A slight breeze lifted my hair from my neck, which made no sense since I was inside. Was there a window open? It felt good and cooled the sweat collecting on my forehead due to the ridiculous temperature in the lobby. It was February in Montana, for Christ’s sake. There were mountains of snow outside. This stifling heat made me stick
y and uncomfortable. Knowing my luck, I’d end up with sweat stains.
I had nothing memorable about me, from my boring red hair hiding my boring features, to my boring body that was taking its own sweet time developing. I was a girl on the verge of twenty-one but stuck with the figure of a fourteen-year-old. I might be invisible to the students of MCU, but they’d definitely notice something like sweat stains.

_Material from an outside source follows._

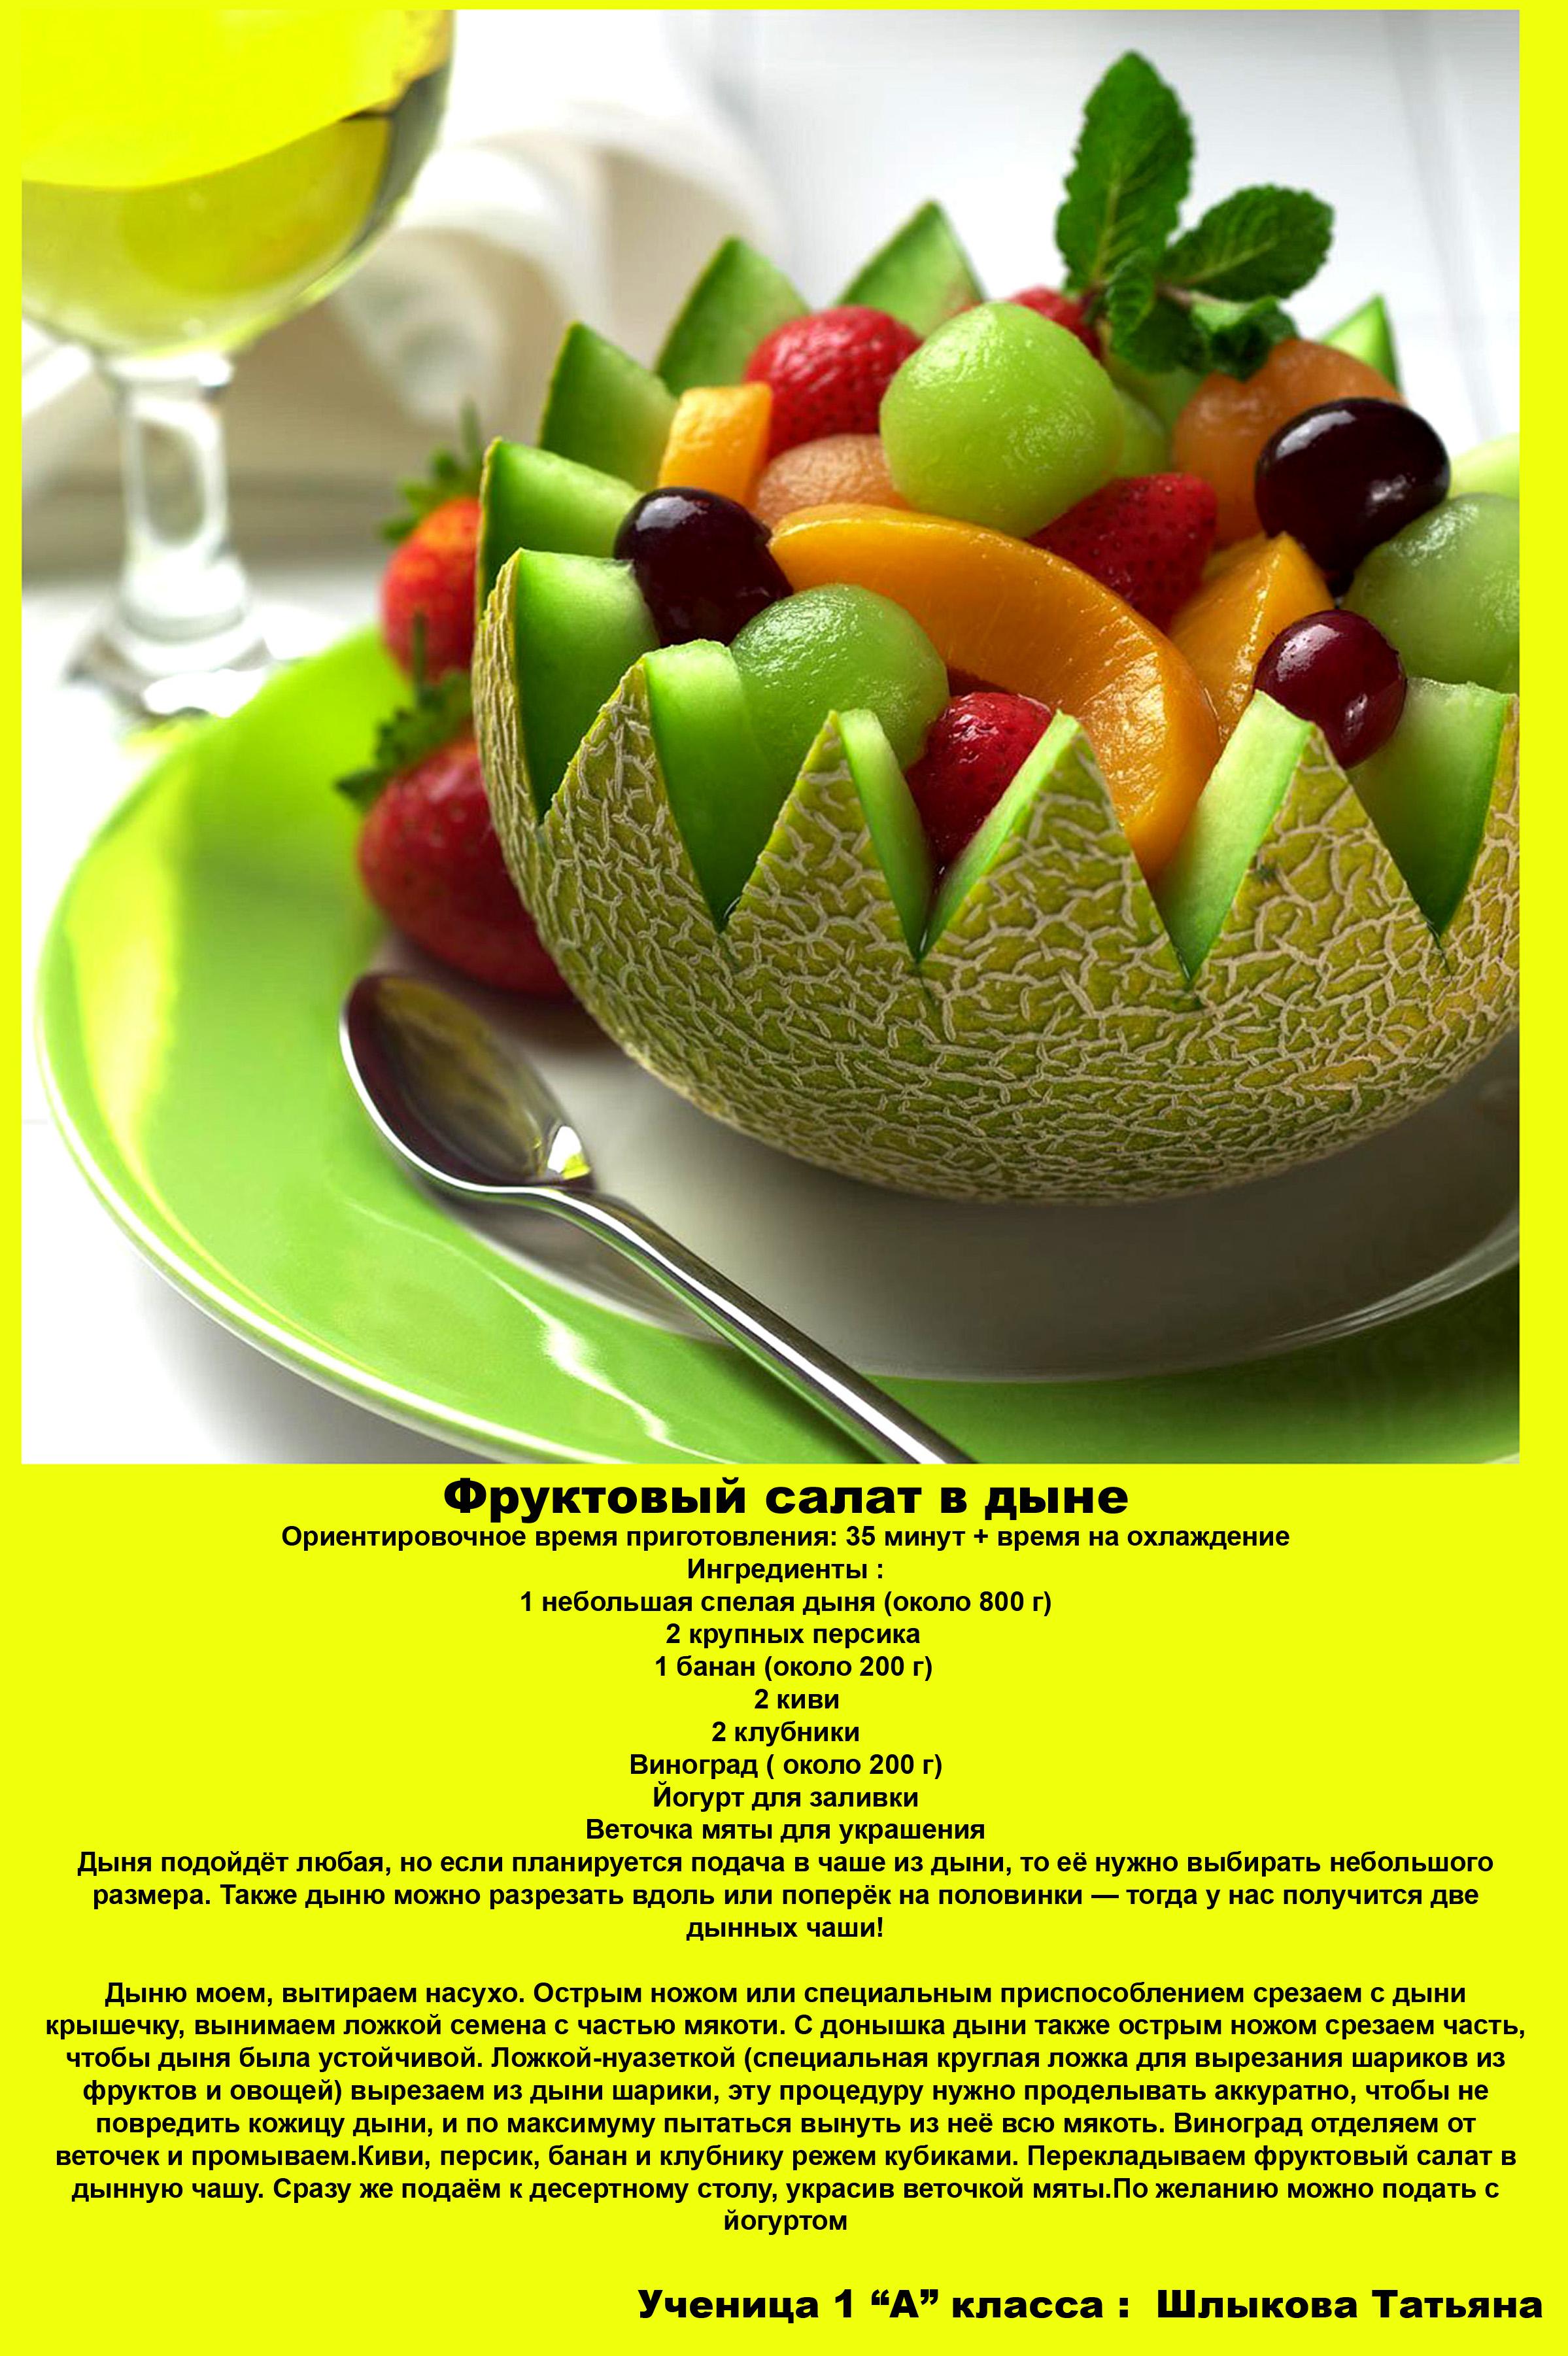 сайт разговор о правильном питание результаты конкурса

I pulled off my sweater and shoved it into my bag. Why was it suddenly so damn hot in here? I willed a cool breeze to invade the oppressive heat inside the building.
And then…it cooled, just like that.
A rush of chills danced across my skin like ants with sharp pins for dancing shoes. I scratched at the uncomfortable feeling teasing my neck and thought back to the guy in the shadows, wishing he was still there. For reasons I couldn’t even begin to explain, I felt better having him watching me, which made no sense. I didn’t know him from the creepy dude who’d been staring at a group of teenage girls for the past two hours, and yet, I wanted to.
I glanced around the lobby, searching for the beautiful stranger. Instead, I caught someone else watching me. It took me a second to process who it was. My mouth fell open when it clicked.
Shit. It was my superpower.
Onyx, exactly as I’d drawn him, stared right at me. Well, sort of. His face was shadowed, as I’d pictured him—drawn him—for the comic. Until now. Shock held me prisoner, paralyzing my muscles. My breath hitched and froze in my lungs. He couldn’t be real. I’d just drawn him.